If one's task is to make everything the same as everything else, then the NY Times reporter - and the acolytes of the religion of moral relativism who religiously read this stuff - will applaud her success. As will the Islamizt fundamentalists whose dread purpose such stupidity and moral laziness serves.

Those seeking objective truth (which the NY Times et al pretend to do but don't) will naturally be horrified by this stuff. Thank you Diana West for writing so honestly and for Hugh and Robert's curiosity and full-time commitment to objective truth.

Posted by: Daisytoo [TypeKey Profile Page] at March 10, 2006 10:48 AM

I read the third installment--I actually forced myself to read to see how far idiocy can go. To write such misleading puffery about two of the most charged issues in Islam, women's status and marriage, is not only idiocy but a kind of professional high crime. The cretin should never be allowed to write anything. Ever.

Posted by: ovidius_naso [TypeKey Profile Page] at March 10, 2006 10:51 AM

When he exhorted the Moslem Males in his mosque to take second wives, Imam Reda Shata himself committed a crime by directing others to violate the law.

I fully expect the NYPD to arrest him forthwith.

MORE APOLOGISTS MORE MORE HAND-WRINGING MORE DUMBASSES MORE MO!!

Did the reporter find out the good Imam's stance on clitorises, whether they should be chopped off?

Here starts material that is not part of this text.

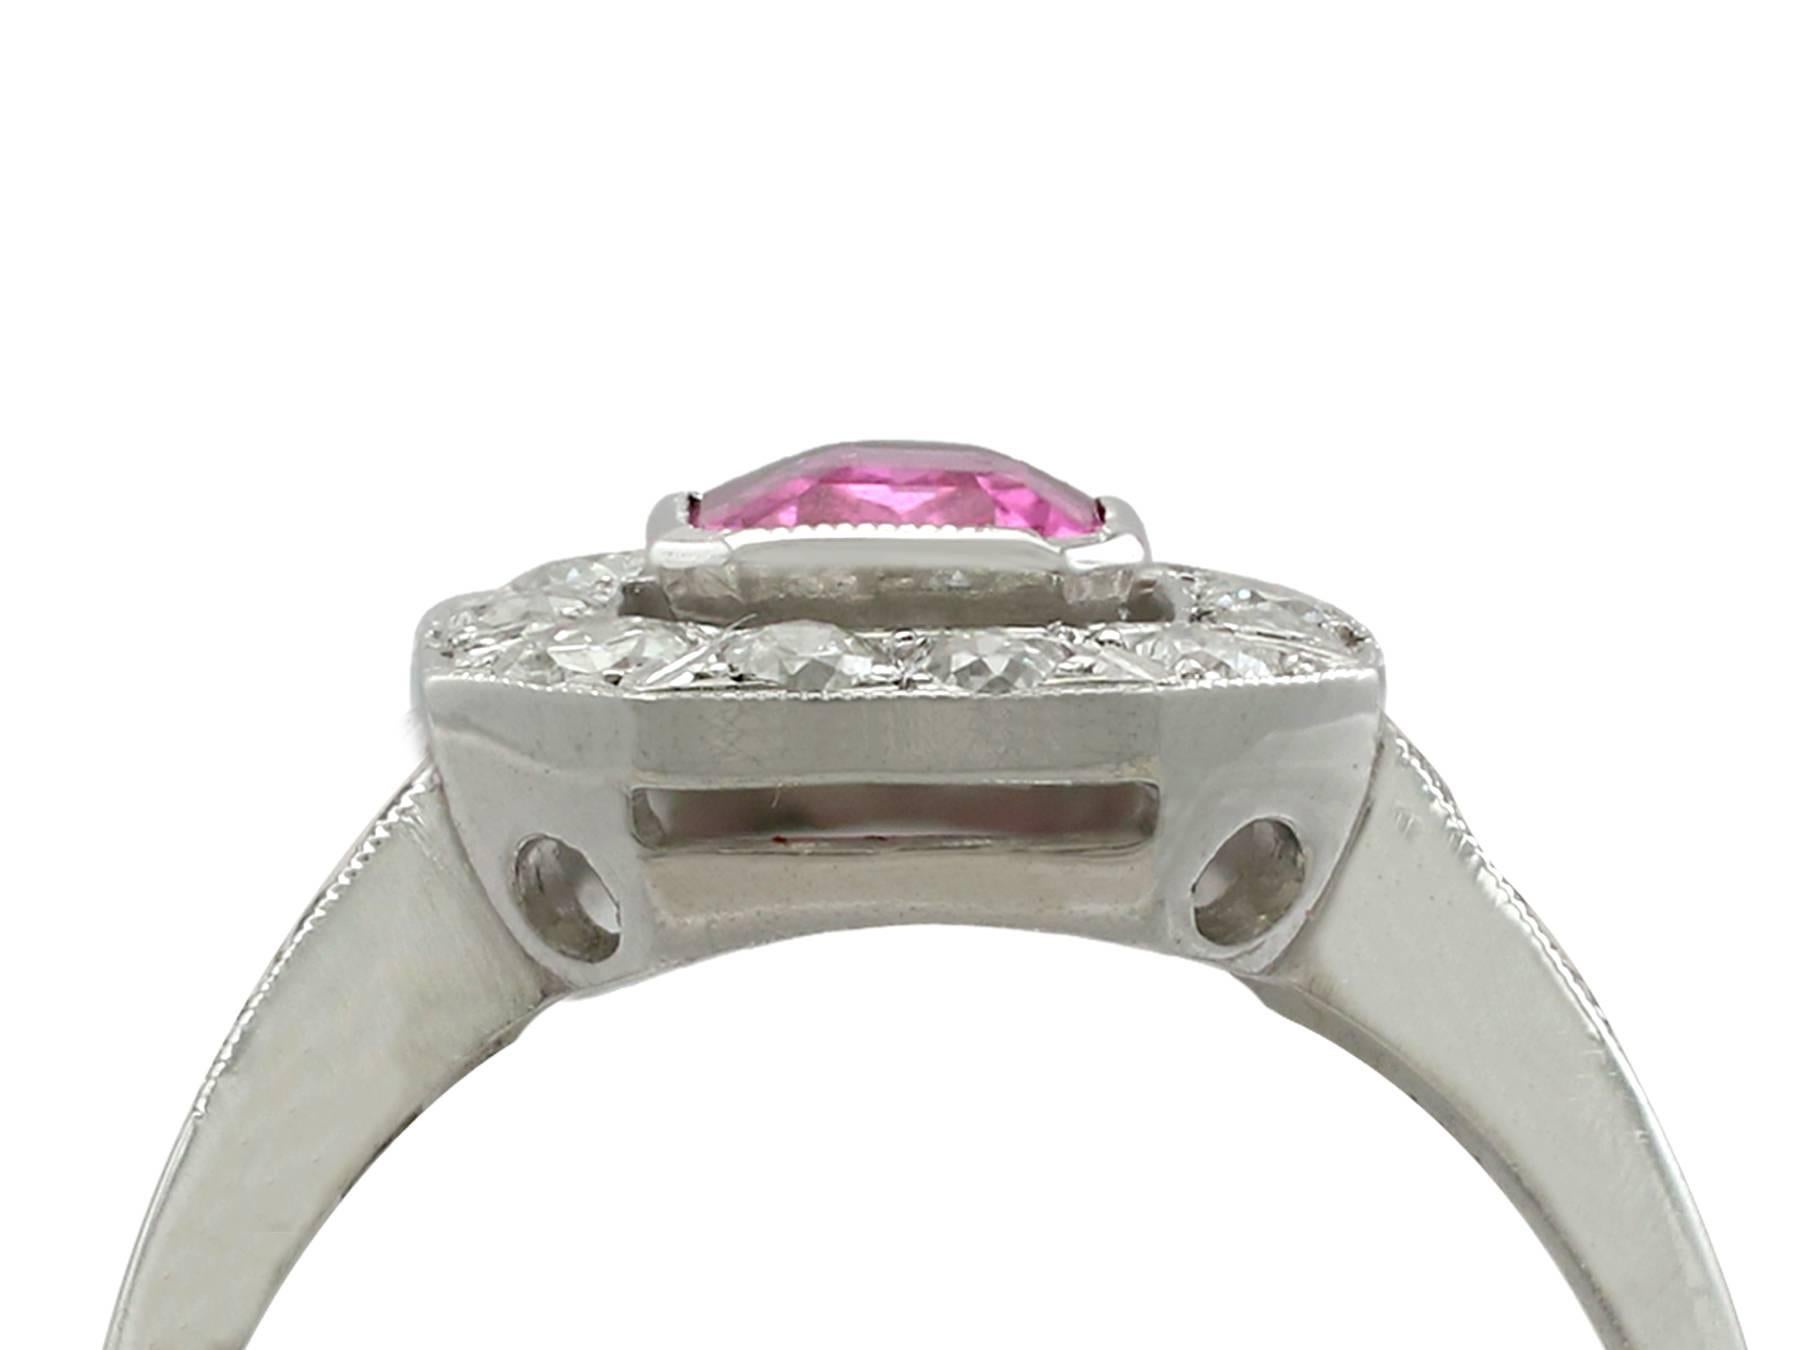 A fine and impressive 1.11 carat pink sapphire, 0.54 carat diamond and platinum cocktail ring; part of our diverse antique jewelry and estate jewelry collections.

This fine and impressive pink sapphire cocktail ring has been crafted in

Posted by: Alarmed Pig Farmer [TypeKey Profile Page] at March 10, 2006 11:46 AM

Andrea Elliott is hardly the only offender. Read, for example, not only the absurd justifications by various editors at The New Duranty Times for their failure to exhibit the courage displayed by all sorts of European newspapers and, in this country, by smaller papers and campus newspapers (make those editors of those papers the future editors of The Bandar Beacon and The New Duranty Times). And columnists at the NDT followed dutifully suit. One example that sticks in mind and craw was Michael Kimmelman's indignation about the supposed offensiveness of those Danish cartoons, followed by some faint praise for the principle of free speech.

There is Tom Friedman, who if he knew anything was supposed to know about the Middle East, and who made his name as a reporter -- a mere reporter, with no understanding of the men and events he reported on because he was reporting without any reference to, or understanding of, what Islam does, and how it affects everything, from the slight diffrences in position of Maronites and Greek Orthodox in Lebanon, to the behavior, often otherwise inexplicable, of the Alawite military caste that controls Syria and must simultaneously be alert to challenges from local Sunni Muslims, and at the same time is willing to promote the Mulim agenda, with unusual ferocity (as if to prove that Alawites are, despite their worship of Miriam, plus islamiste que les islamistes).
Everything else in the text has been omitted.